I love this tutorial, you are so talented. Thank you for sharing. I’m sorry I don’t blog or have a web sight, but I love to follow blogs and you are my favorite.
This is a wonderful tutorial. I really like how you included so many different types of flowers. I am pinning it to my flower-making pinboard. I love your blog.
Greetings, I don’t know which flower to chose. They’re all lovely. Great tutorial. Thanks for sharing.
Thank you for the tutorials! I’m going to try the ribbon flower.
This is a lovely set of tutorials. Thanks you so much for sharing and also to Pinterest, without whom I wouldn’t have stumbled across you. :-)
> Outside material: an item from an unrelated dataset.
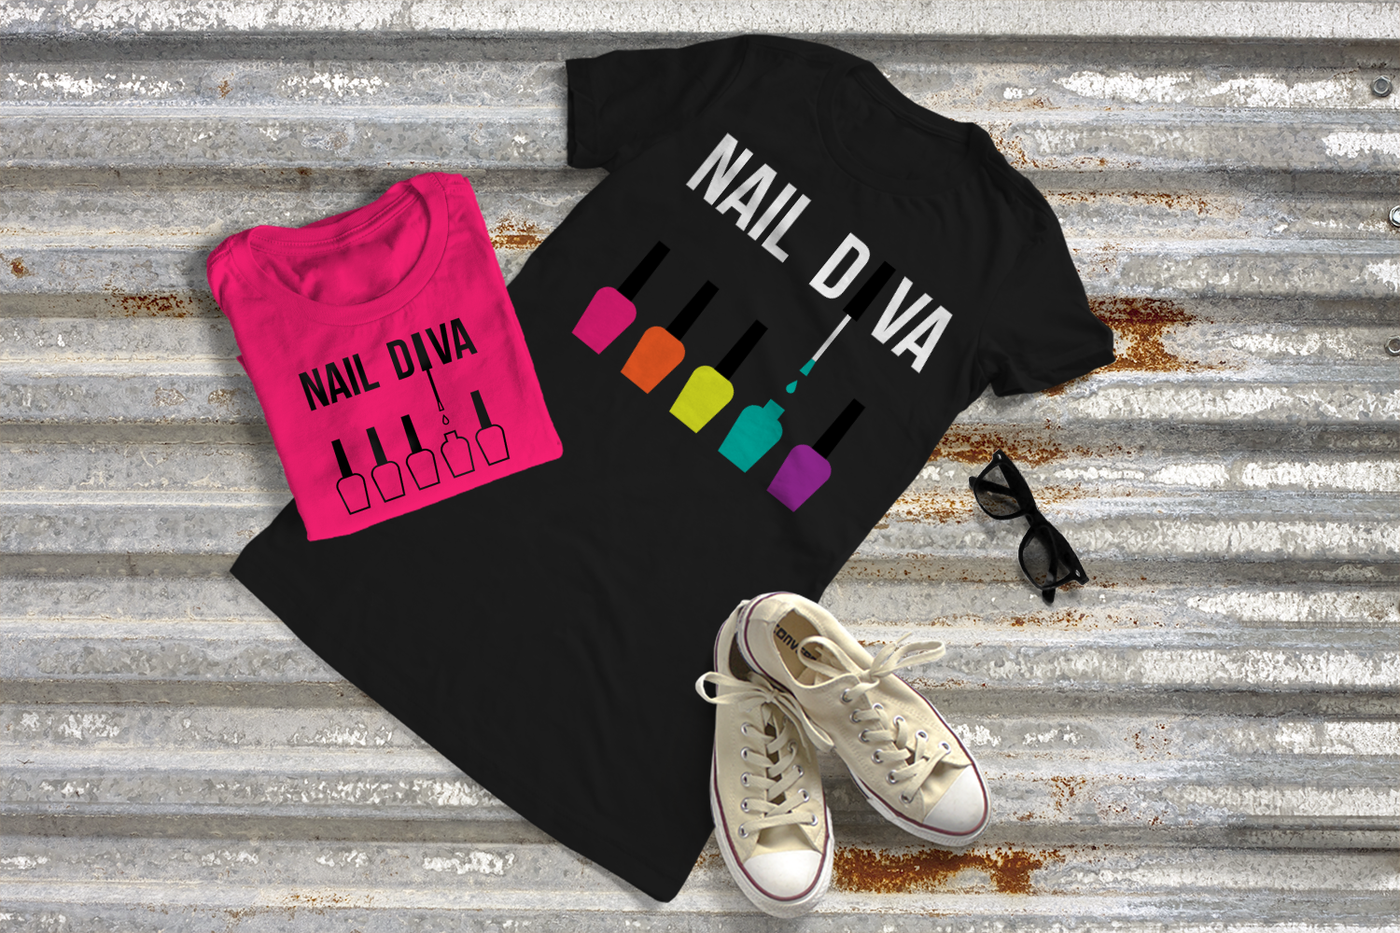 Shirt that says "Nail diva" with 5 bottles of polish.
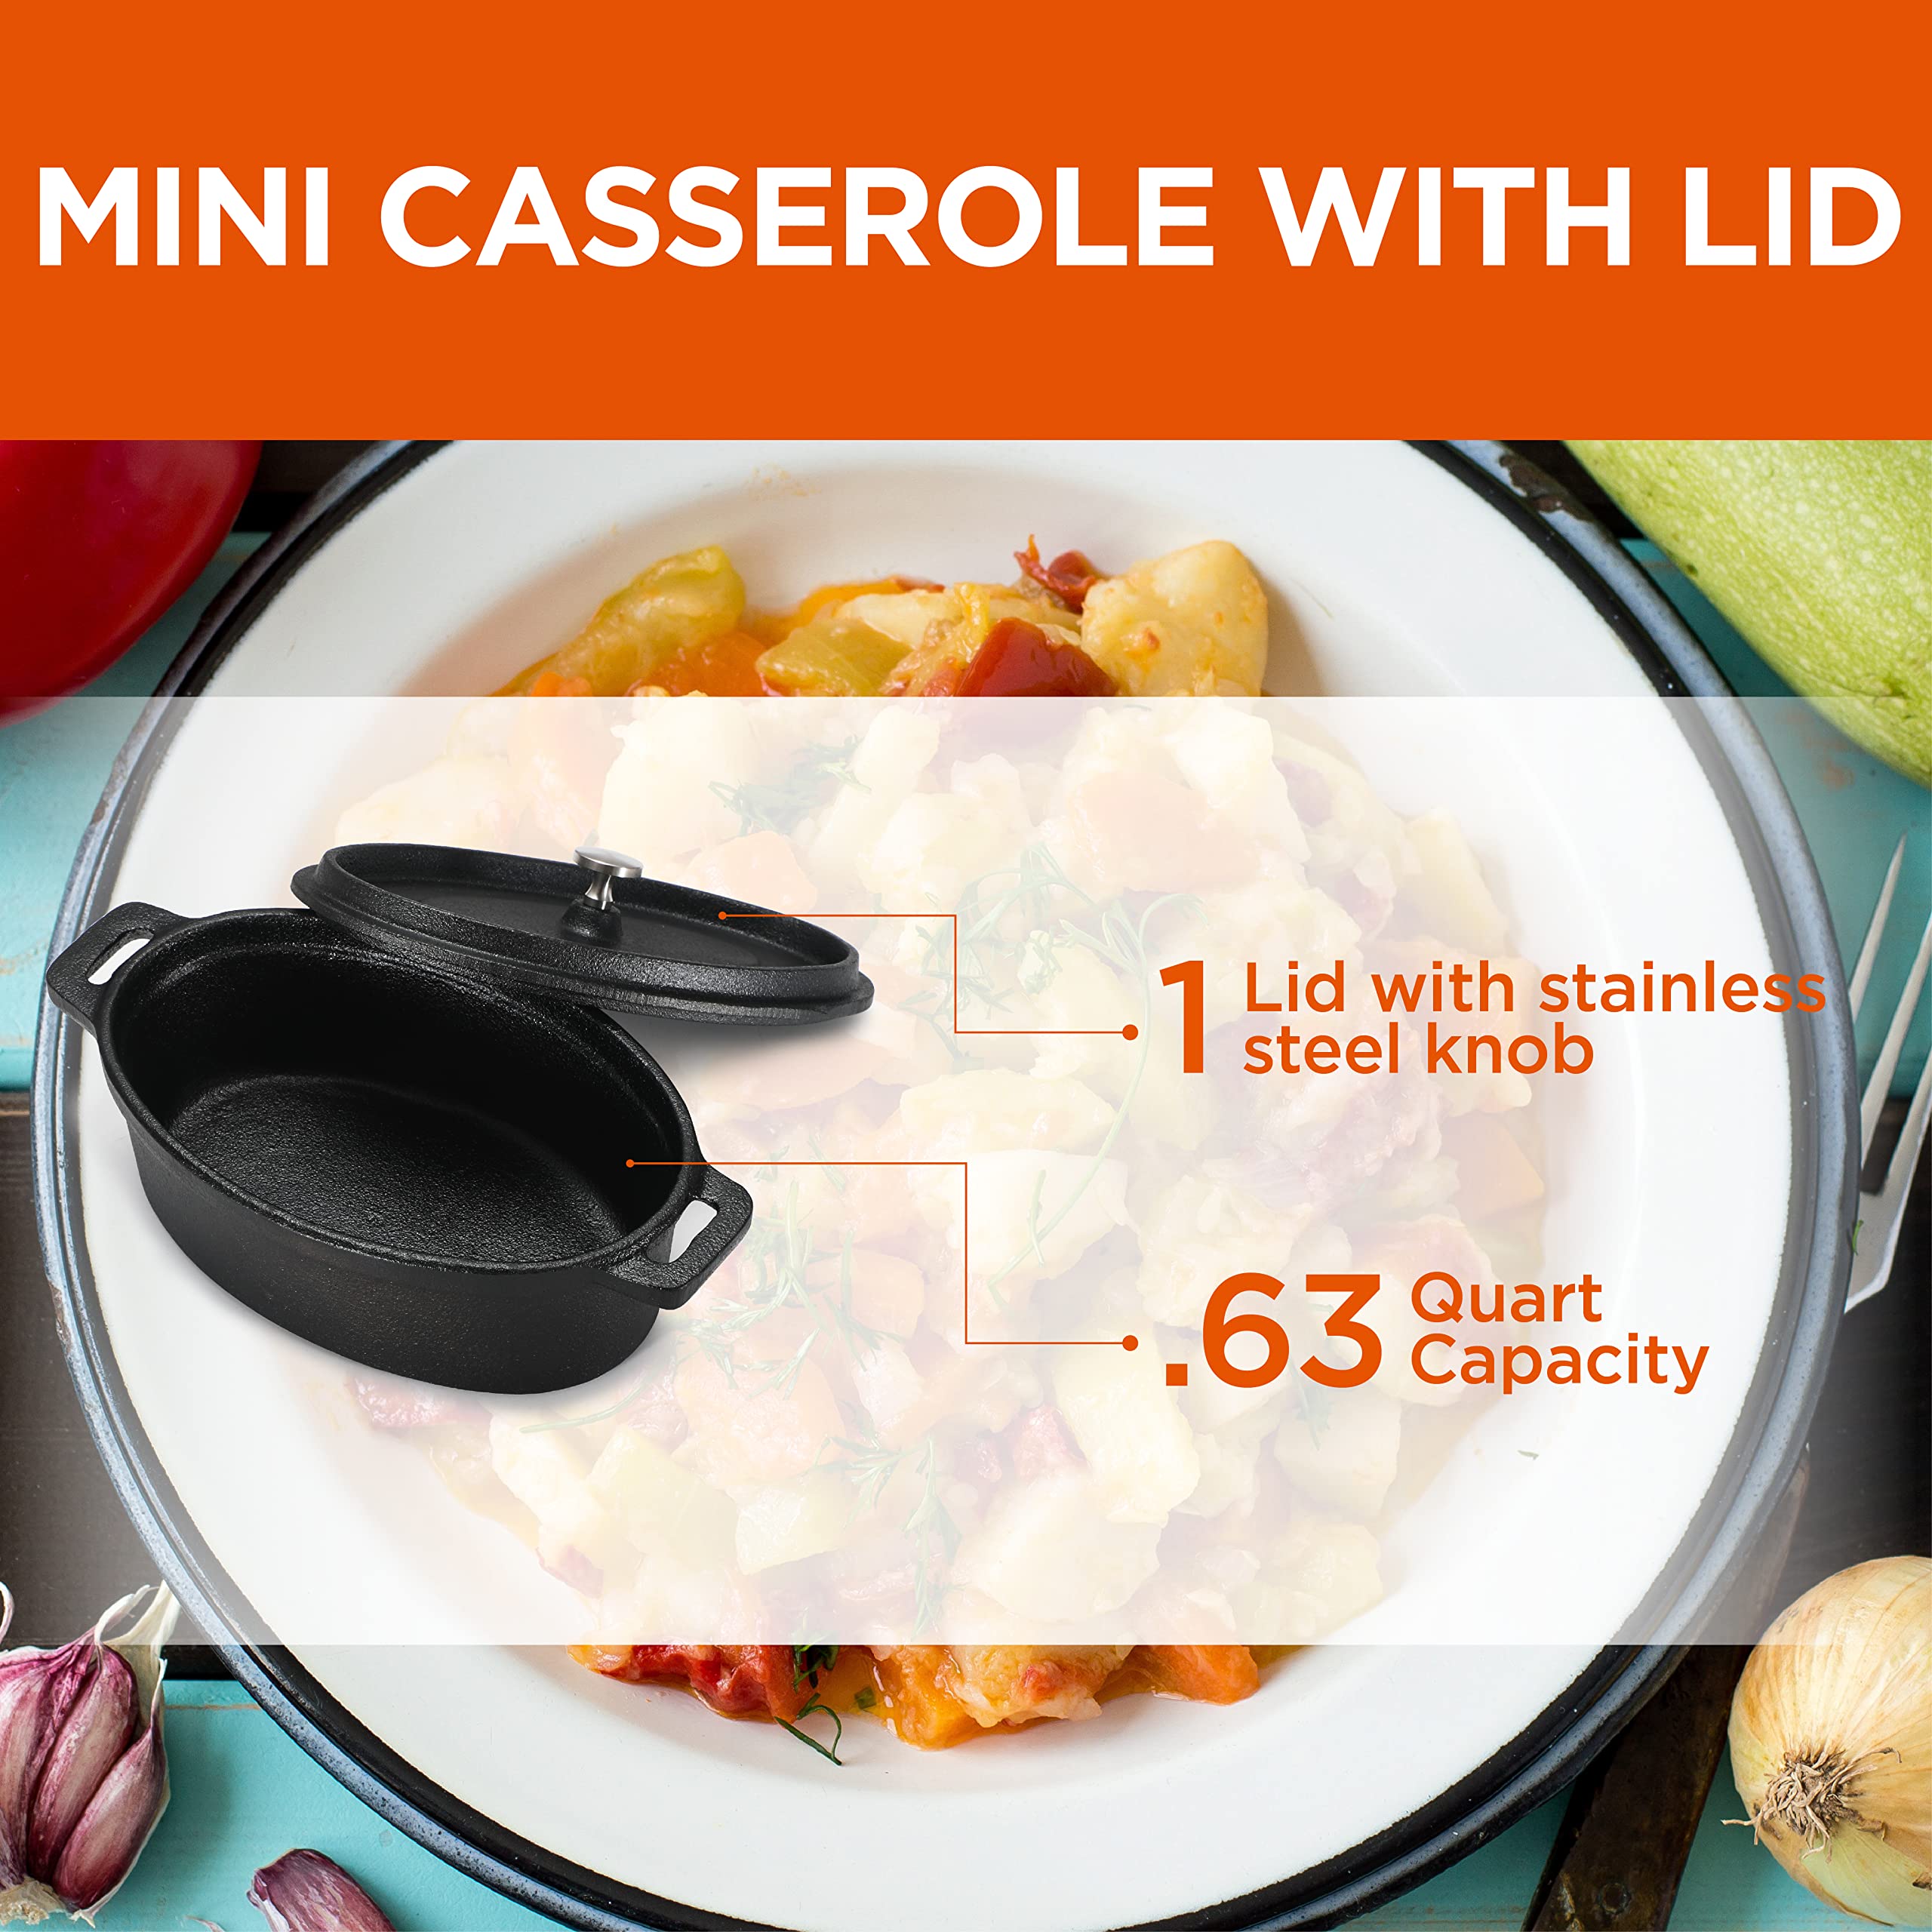 COMMERCIAL CHEF Mini Casserole Dish with Lid, 0.63 Qt. Cast Iron Casserole Dish for Baking, Cast Iron Cookware Mini Dutch Oven Ramekin with Handles & Stainless Steel Knob

Another great tutorial ….. since discovering Flamingo Toes,I’m back to sewing again and it sure keeps me off games. Love it, keep it up..
Annie.
I LOVE this! I’ve always wanted to know how to make various fabric flowers and know I have all the info! Thank you so much for doing this tutorial post! I found it while admiring how to make your Valentine wreath on 540 Main’s blog. I am going to be up to my eyeballs in fabric flowers now – weeeeeeeee! Hugs, Leena
Thank you for the tutorial it inspries me to try making some. Luv your blog.
Great tutorial – everything in one place. Awesome!
its beautiful,my embriodrey calss will love todo it.thanku.
Very nice tutorial I love the white flower and the the others how to put them together .Beautiful!
I have been looking for this for a long time. Thank you for posting this and I am going to make soon . It looks like it would lot of fun and so pretty too !!